= Source data =
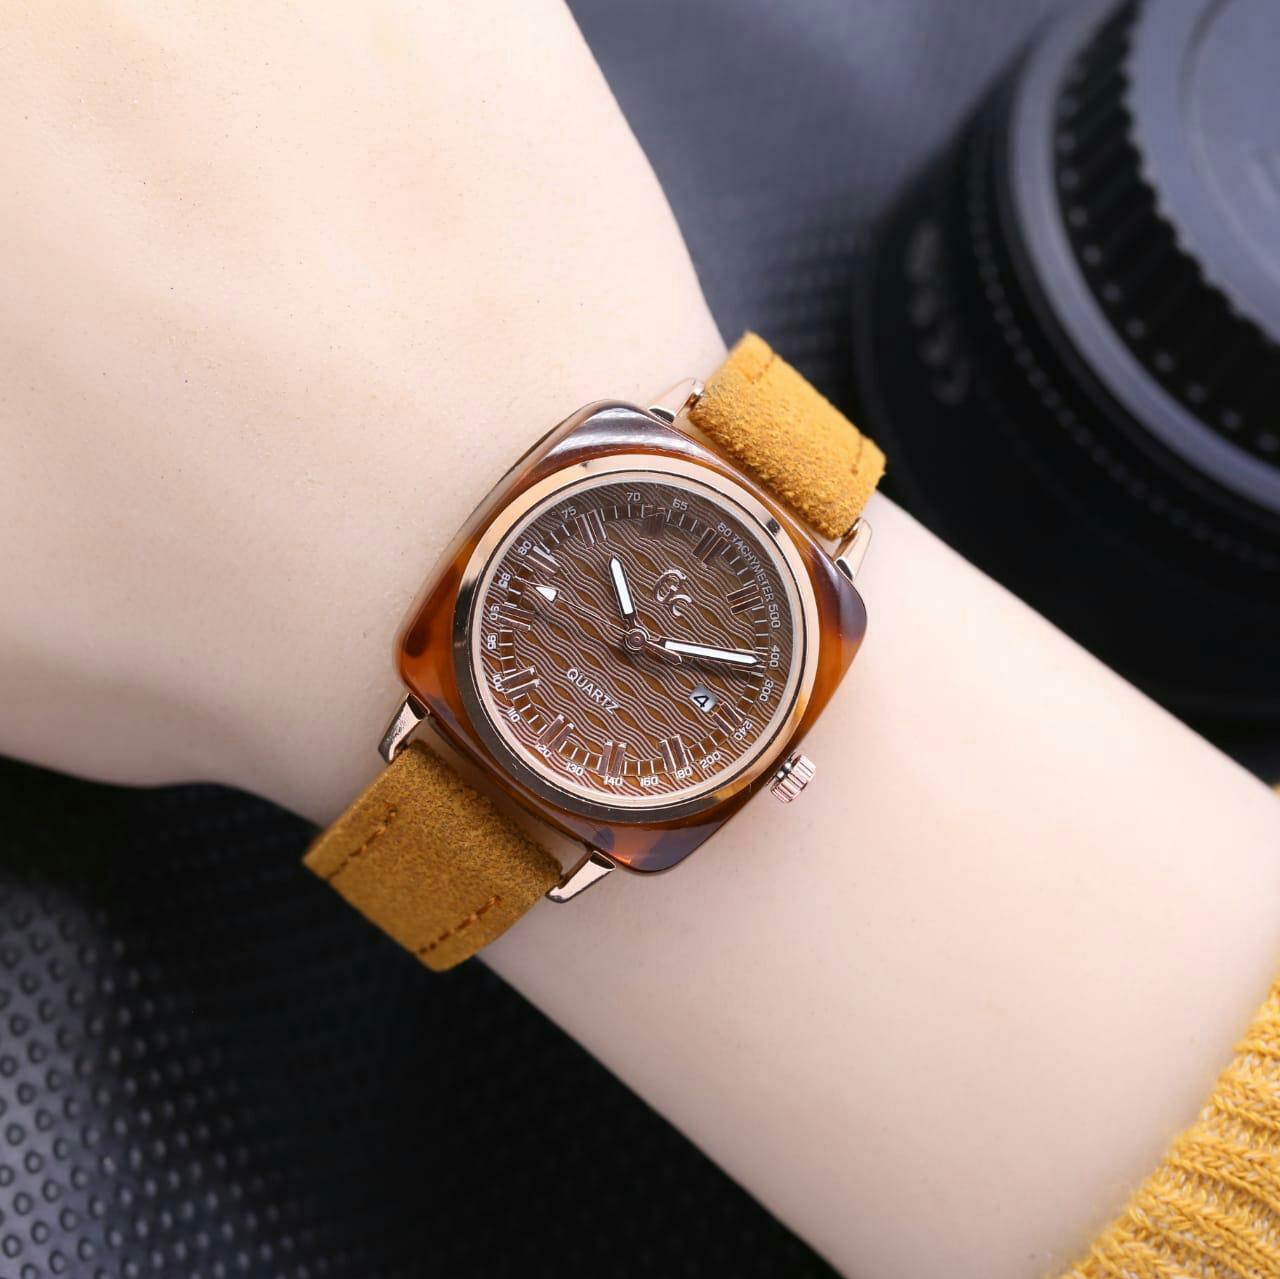 jam tangan GC tanggal aktif tali kulit
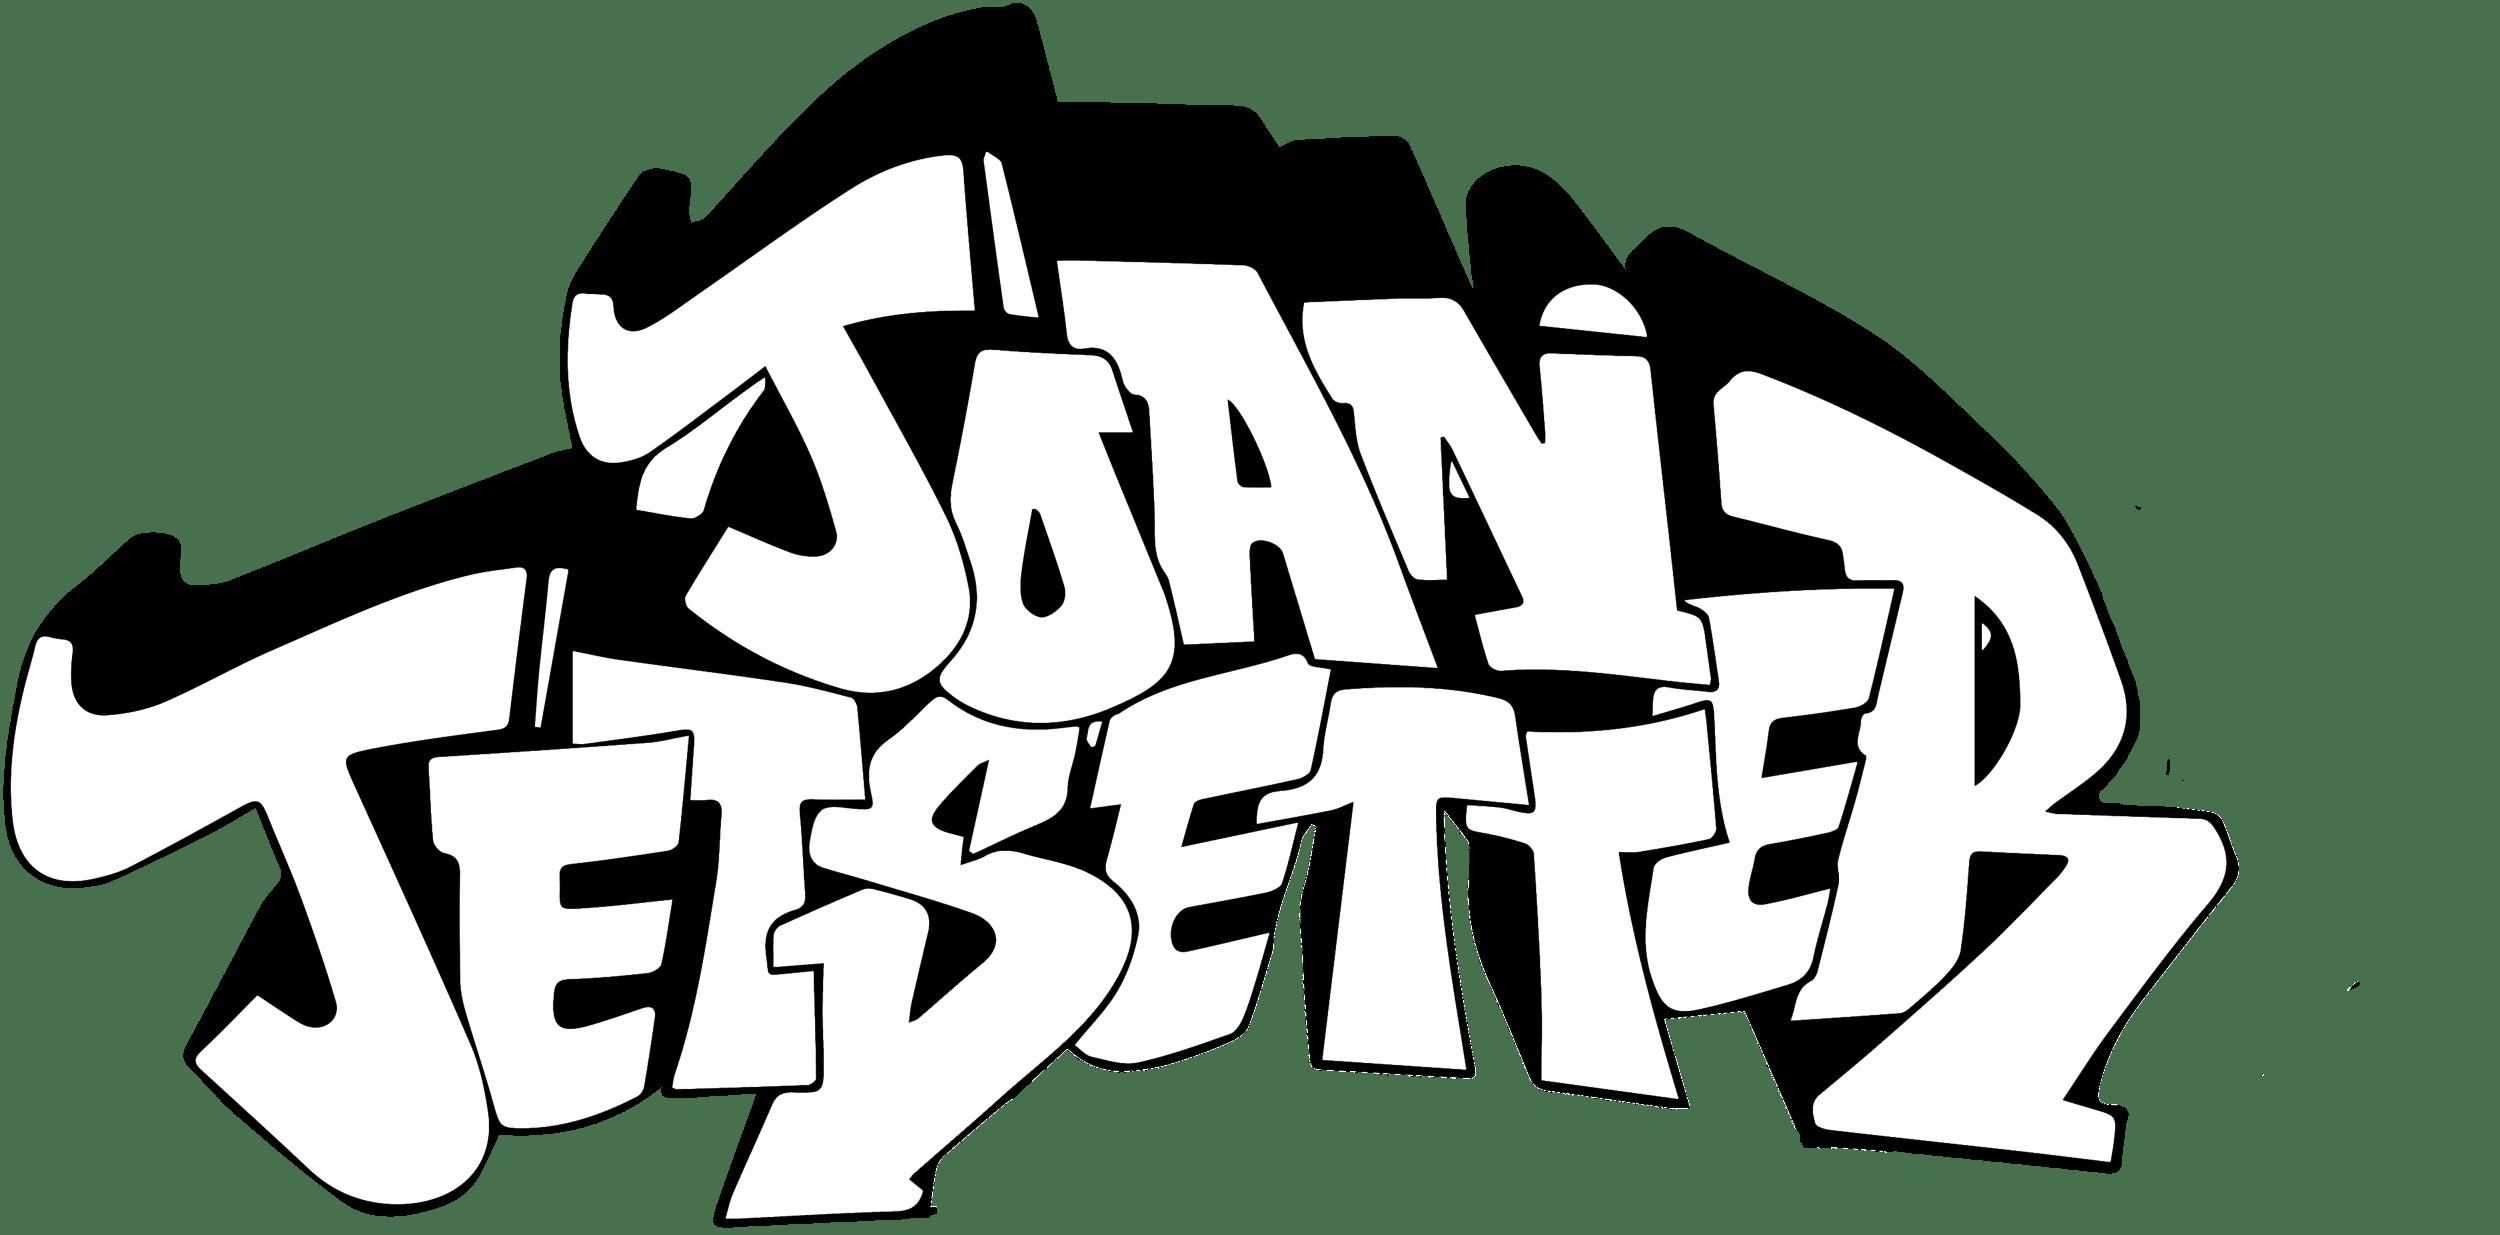 joan jetsetter [ 1500 x 741 Pixel ]
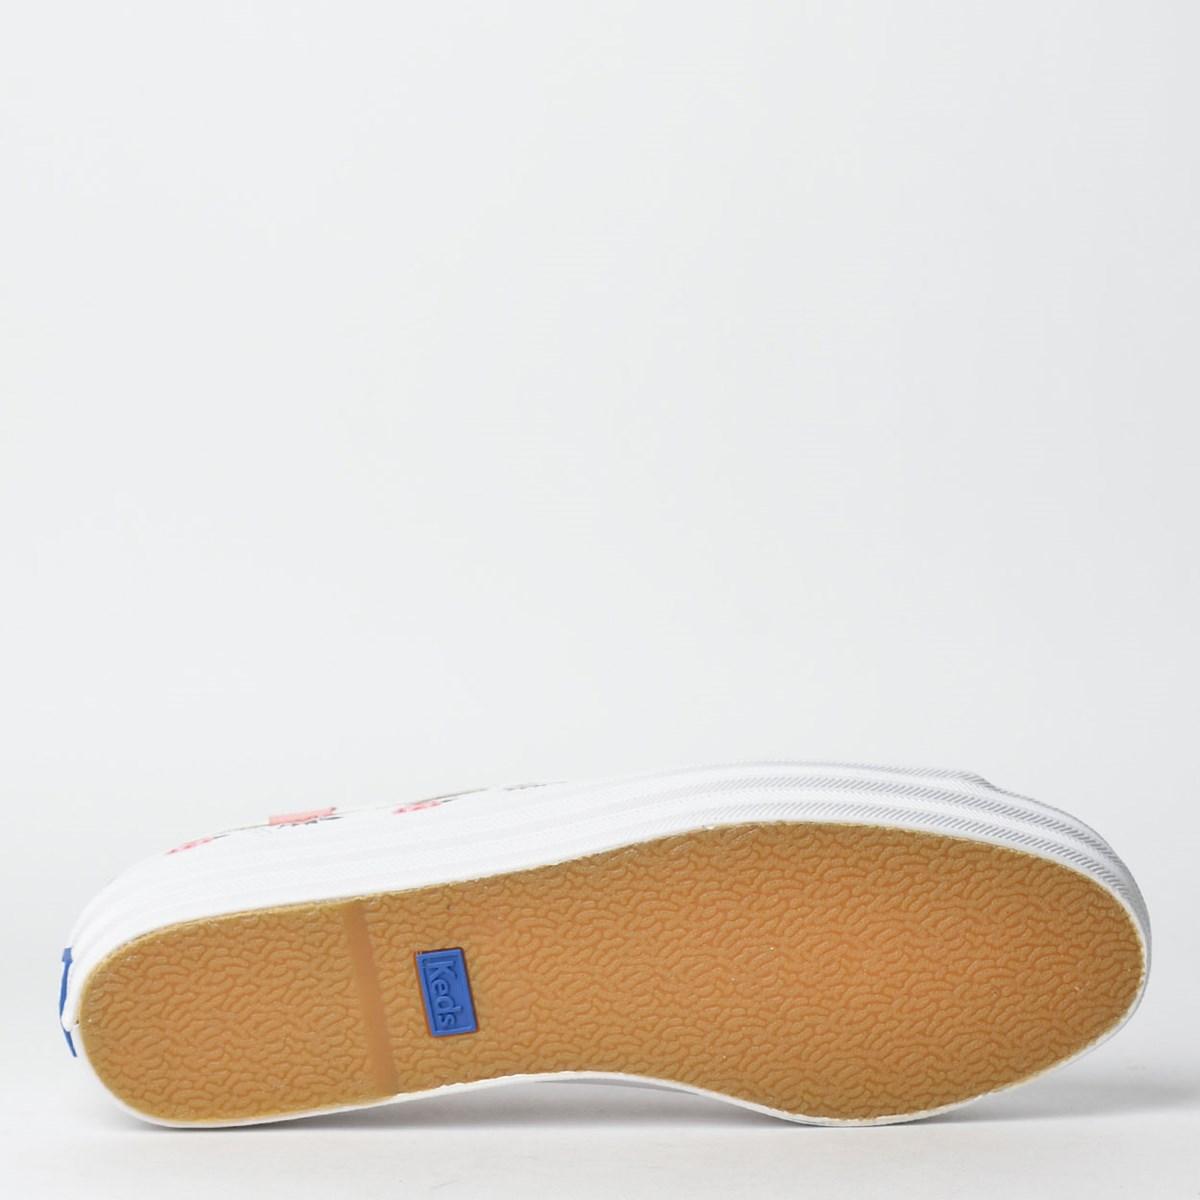 Tênis Keds Triple Kick Milla Branco KD1348002

= What this task involves =
Beginning with the line containing "joan jetsetter [ 1500 x 741 Pixel ]" and ending with the last line of the material, output each line exactly; do not include pictures.

= Task output =
 joan jetsetter [ 1500 x 741 Pixel ]
 Tênis Keds Triple Kick Milla Branco KD1348002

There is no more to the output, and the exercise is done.